*What this task involves*. When you reach the line containing "MNFT Fishing Fleece", start transcribing exactly and continue through the last line of the data, skipping every picture.

*Given material*.
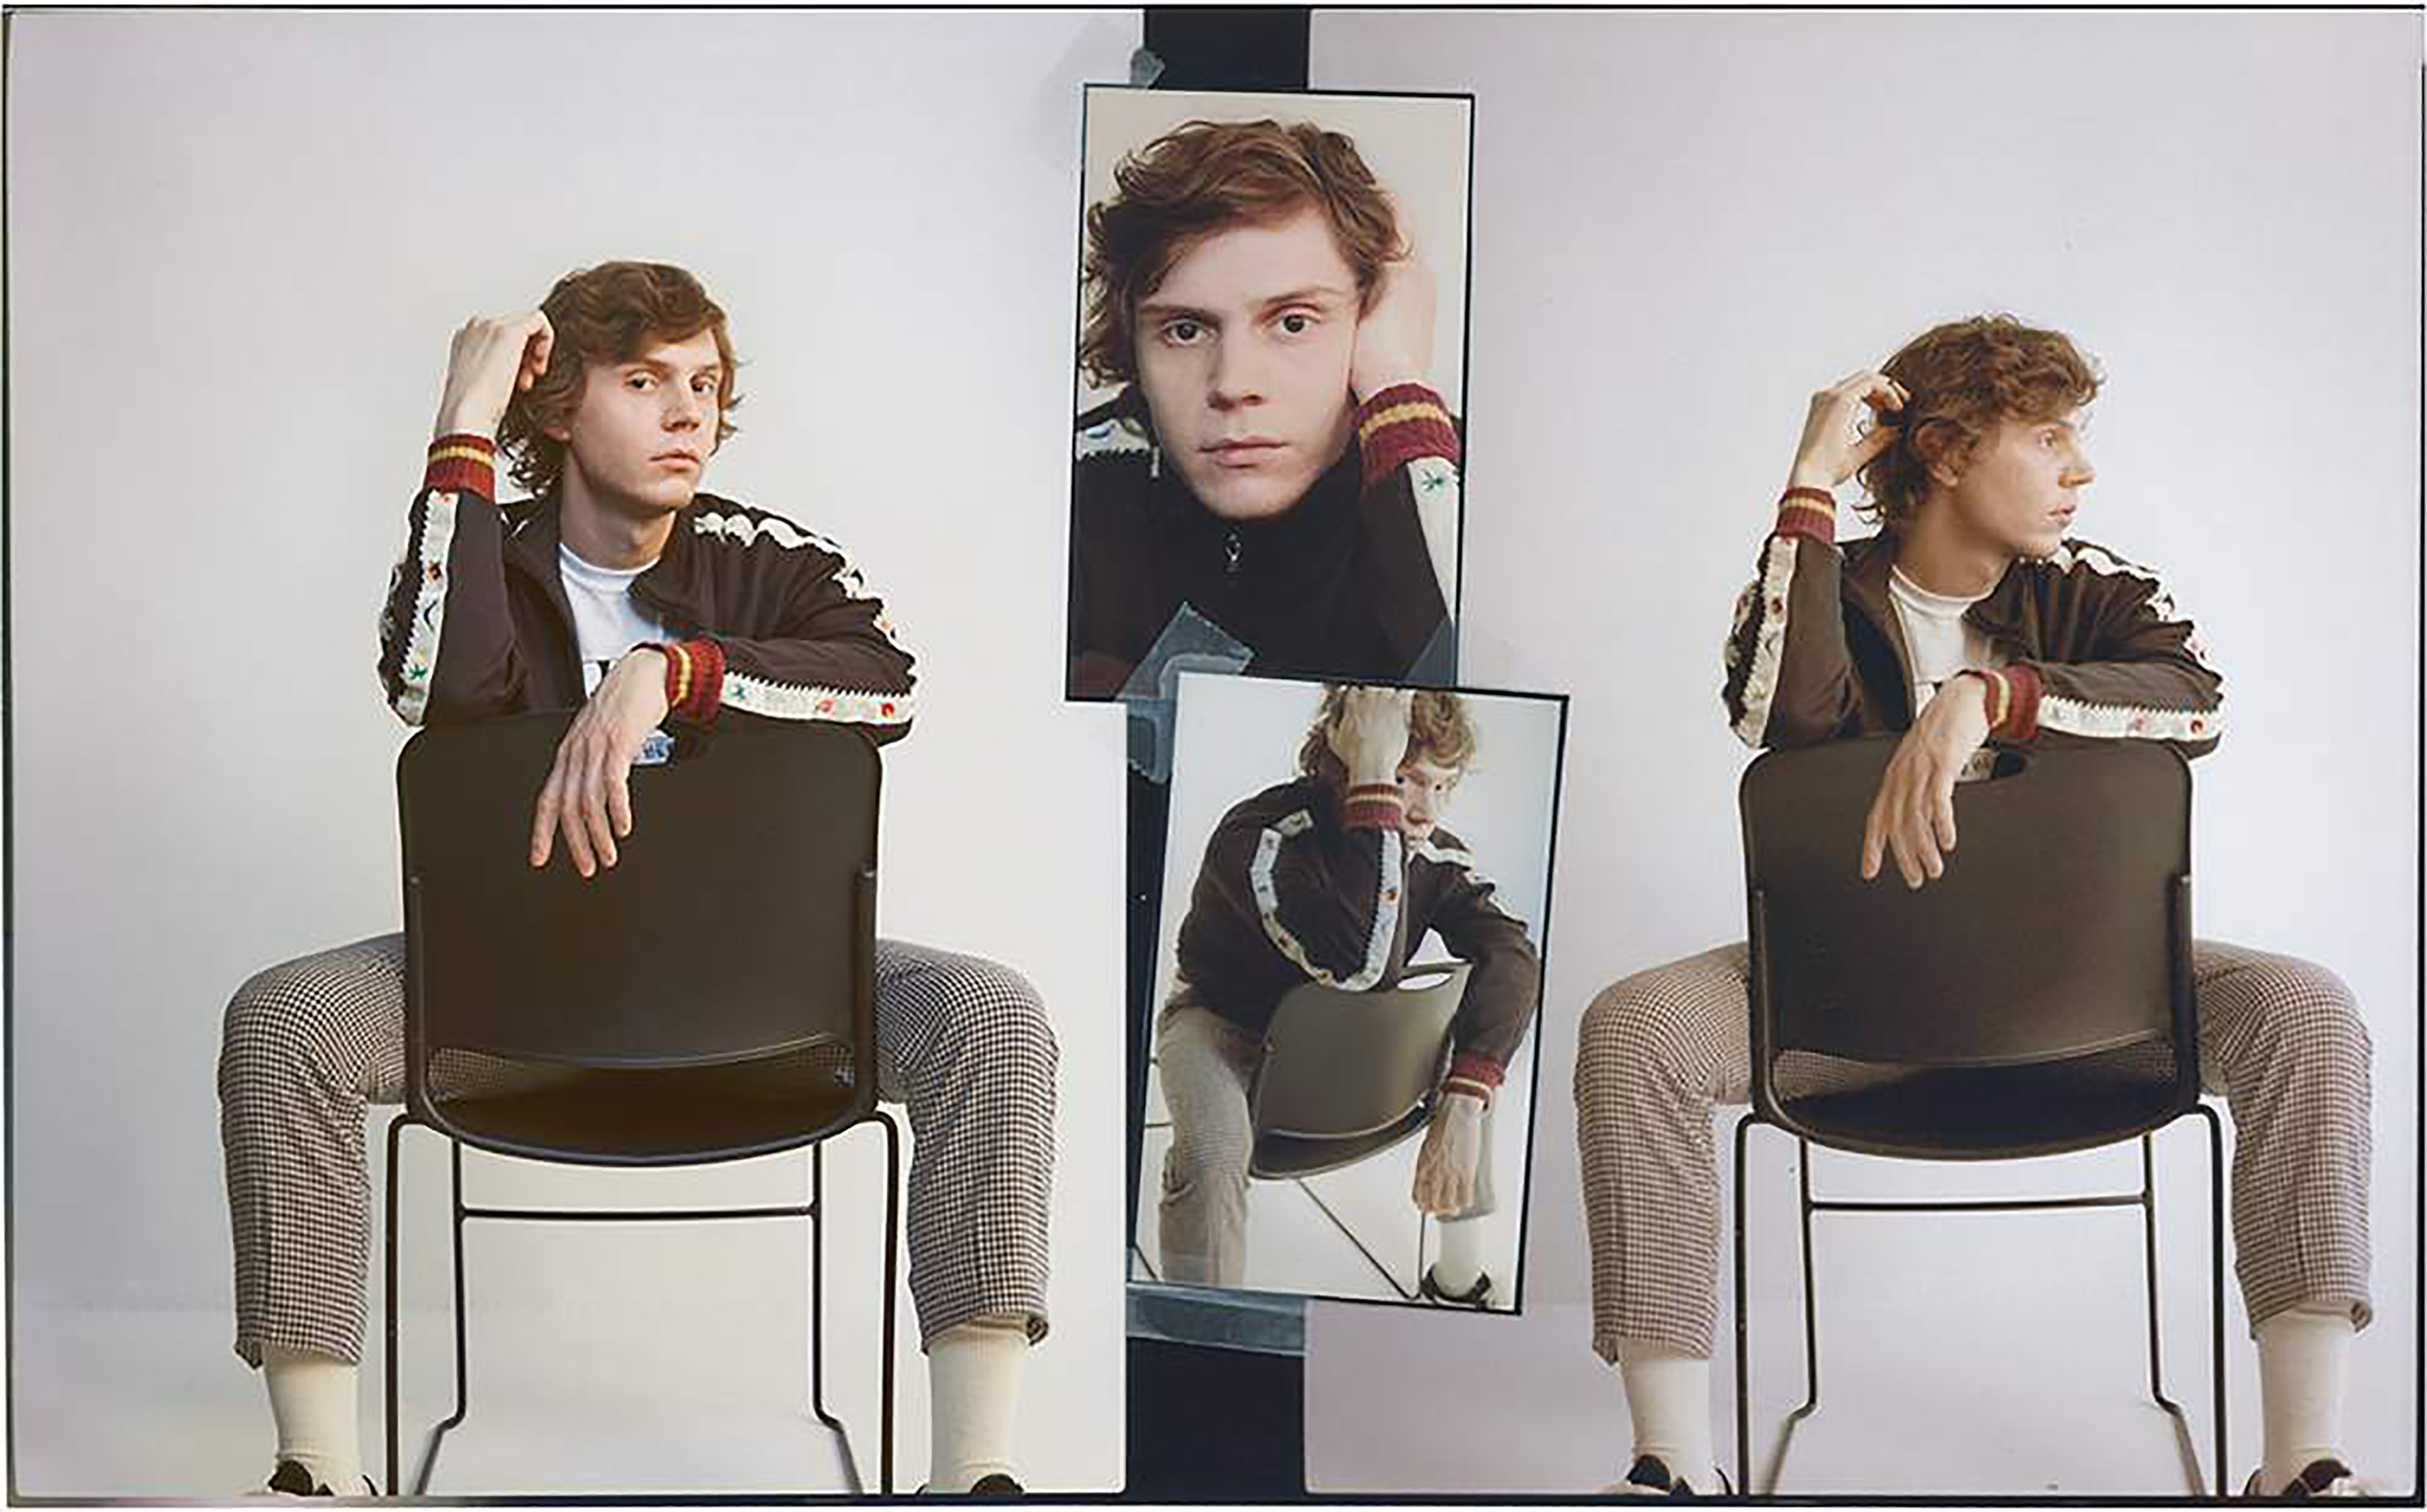 evan-peters-opens-up-about-his-role-in-pose-07.jpg
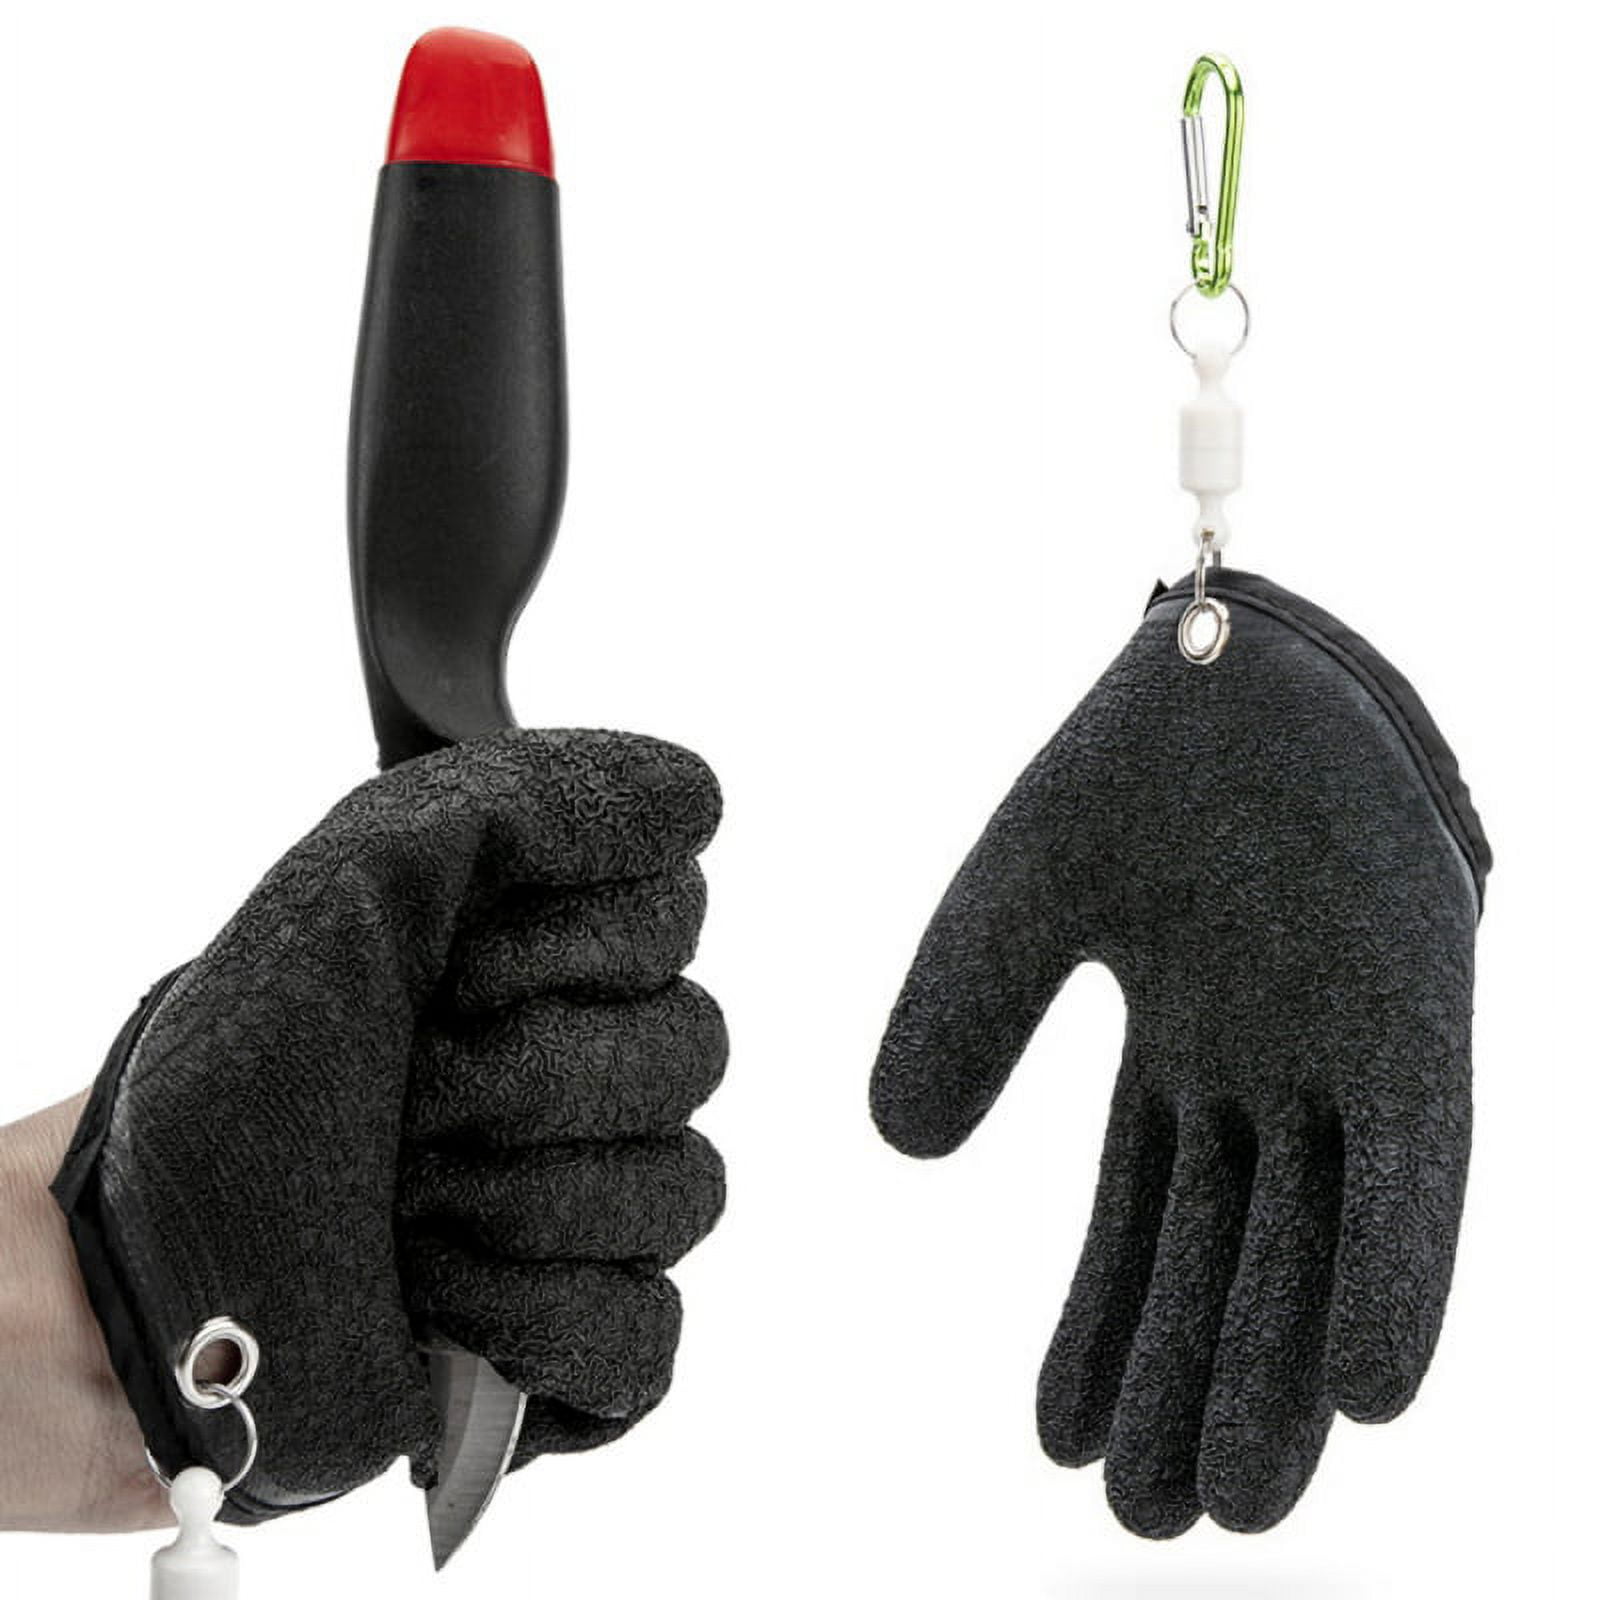 MNFT Fishing Fleece Lined Gloves Protective Handshield With Magnet
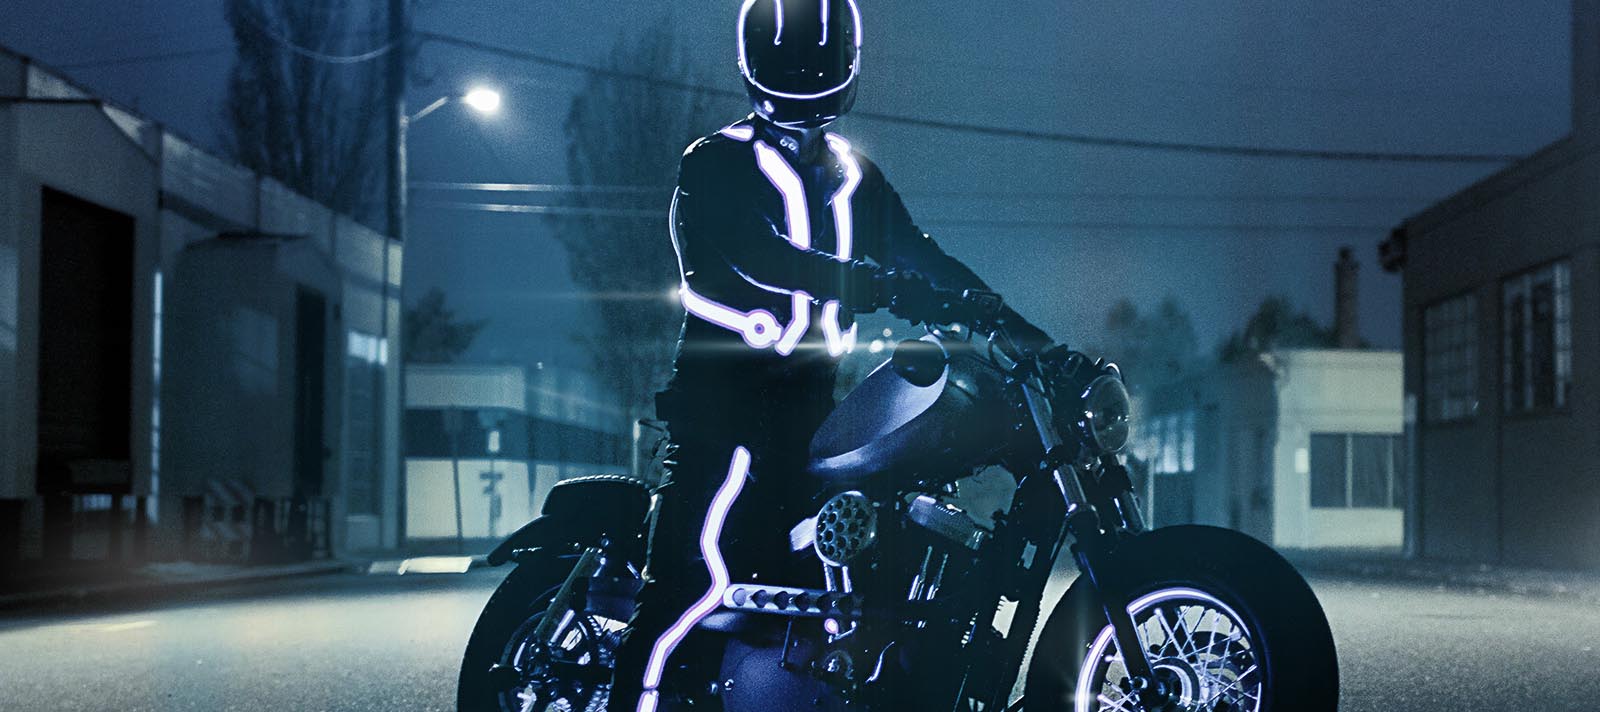 vynel on helmet and motorcycle suit

*Answer space*.
 MNFT Fishing Fleece Lined Gloves Protective Handshield With Magnet
 vynel on helmet and motorcycle suit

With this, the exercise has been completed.